Everything looks good when using all smooth terms. But when selecting only some smooth terms with discrete = TRUE
, the predicted values are the same as a model fitted with gam()
but the standard errors are different. This sometimes inflates them and sometimes reduces the standard errors. Using discrete=FALSE
produces results in line with a model fitted with gam()
. So is there a bug in predict.bam()
somewhere? Which method is calculating things right?
Here is a reproducible example with outputs:
library(lme4)
library(mgcv)
data(sleepstudy)
model <- gam(Reaction ~ Days + s(Subject, bs = "re") + s(Days, Subject, bs = "re"),
data = sleepstudy,
method = "fREML"
)
model_d <- bam(Reaction ~ Days + s(Subject, bs = "re") + s(Days, Subject, bs = "re"),
data = sleepstudy,
method = "fREML"
,discrete=TRUE
)
## including all smooth terms is fine
head(
data.frame(
gam1 = predict(model),
gam2 = predict(model_d, discrete=TRUE),
gam3 = predict(model_d, discrete=FALSE)
)
)
# gam1 gam2 gam3
# 1 252.9178 252.9178 252.9178
# 2 272.7086 272.7086 272.7086
# 3 292.4994 292.4994 292.4994
# 4 312.2901 312.2901 312.2901
# 5 332.0809 332.0809 332.0809
# 6 351.8717 351.8717 351.8717
head(
data.frame(
gam1 = predict(model,se.fit=TRUE)$se.fit,
gam2 = predict(model_d, discrete=TRUE, se.fit=TRUE)$se.fit,
gam3 = predict(model_d, discrete=FALSE, se.fit=TRUE)$se.fit
)
)
# gam1 gam2 gam3
# 1 12.410215 12.410215 12.410215
# 2 10.660886 10.660886 10.660886
# 3 9.191220 9.191220 9.191220
# 4 8.153867 8.153867 8.153867
# 5 7.724996 7.724996 7.724996
# 6 8.003034 8.003034 8.003034
## ---- selecting only some smooth terms
## with discrete = TRUE, predicted values are the same but
## standard errors returned are the same as those with all smooths included.

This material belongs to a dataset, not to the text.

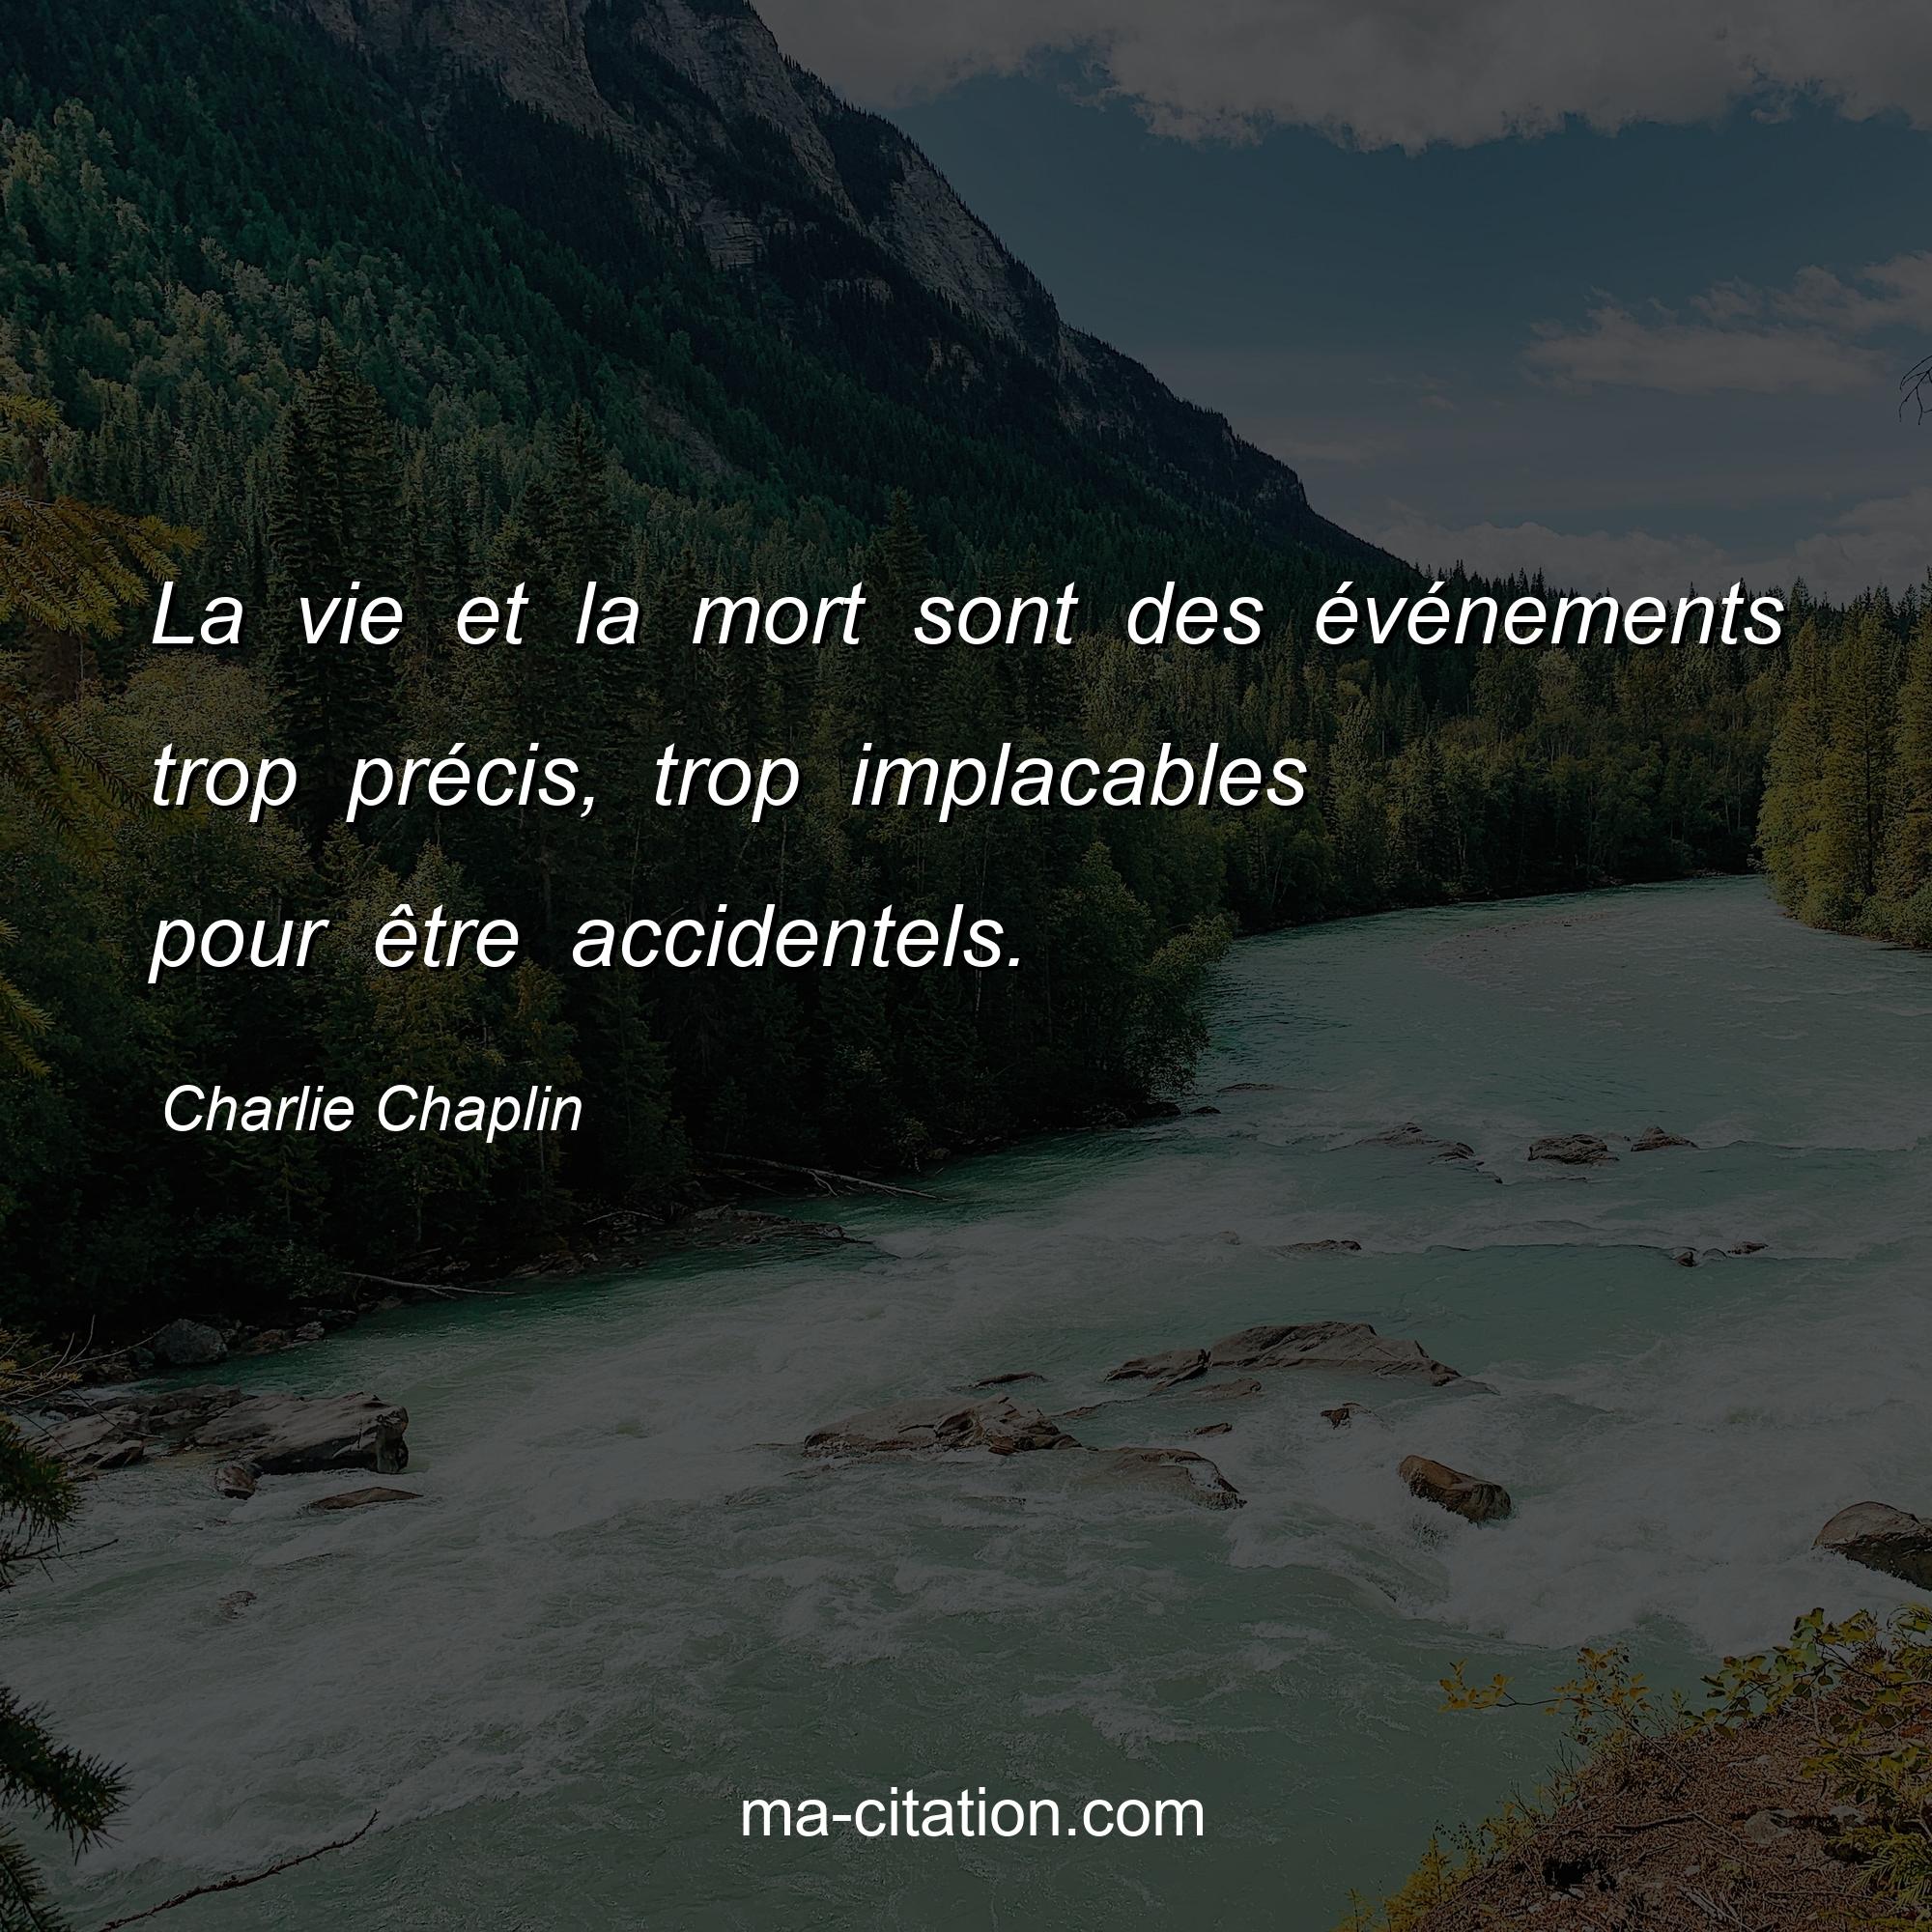 Charlie Chaplin : La vie et la mort sont des événements trop précis, trop implacables pour être accidentels.

## This sometimes inflates them and sometimes reduces them.
head(
data.frame(
gam1 = predict(model, terms=c("s(Subject)")),
gam2 = predict(model_d, terms=c("s(Subject)")),
gam3 = predict(model_d, terms=c("s(Subject)"))
)
)
# gam1 gam2 gam3
# 1 252.9178 252.9178 252.9178
# 2 263.3851 272.7086 272.7086
# 3 273.8524 292.4994 292.4994
# 4 284.3197 312.2901 312.2901
# 5 294.7869 332.0809 332.0809
# 6 305.2542 351.8717 351.8717
head(
data.frame(
gam1 = predict(model, terms=c("s(Subject)"),se.fit=TRUE)$se.fit,
gam2 = predict(model_d, terms=c("s(Subject)"), discrete=TRUE, se.fit=TRUE)$se.fit,
gam3 = predict(model_d, terms=c("s(Subject)"), discrete=FALSE, se.fit=TRUE)$se.fit
)
)
# gam1 gam2 gam3
# 1 12.41021 12.410215 12.41021
# 2 12.34846 10.660886 12.34846
# 3 12.48280 9.191220 12.48280
# 4 12.80704 8.153867 12.80704
# 5 13.30733 7.724996 13.30733
# 6 13.96474 8.003034 13.96474
head(
data.frame(
gam1 = predict(model, terms=c("s(Days, Subject)"),se.fit=TRUE)$se.fit,
gam2 = predict(model_d, terms=c("s(Days, Subject)"), discrete=TRUE, se.fit=TRUE)$se.fit,
gam3 = predict(model_d, terms=c("s(Days, Subject)"), discrete=FALSE, se.fit=TRUE)$se.fit
)
)
# gam1 gam2 gam3
# 1 6.885381 12.410215 6.885381
# 2 6.773449 10.660886 6.773449
# 3 7.015357 9.191220 7.015357
# 4 7.577292 8.153867 7.577292
# 5 8.395234 7.724996 8.395234
# 6 9.402609 8.003034 9.402609
I did some more digging and may have answered my own question but would still appreciate anyone who can weigh in with more expertise.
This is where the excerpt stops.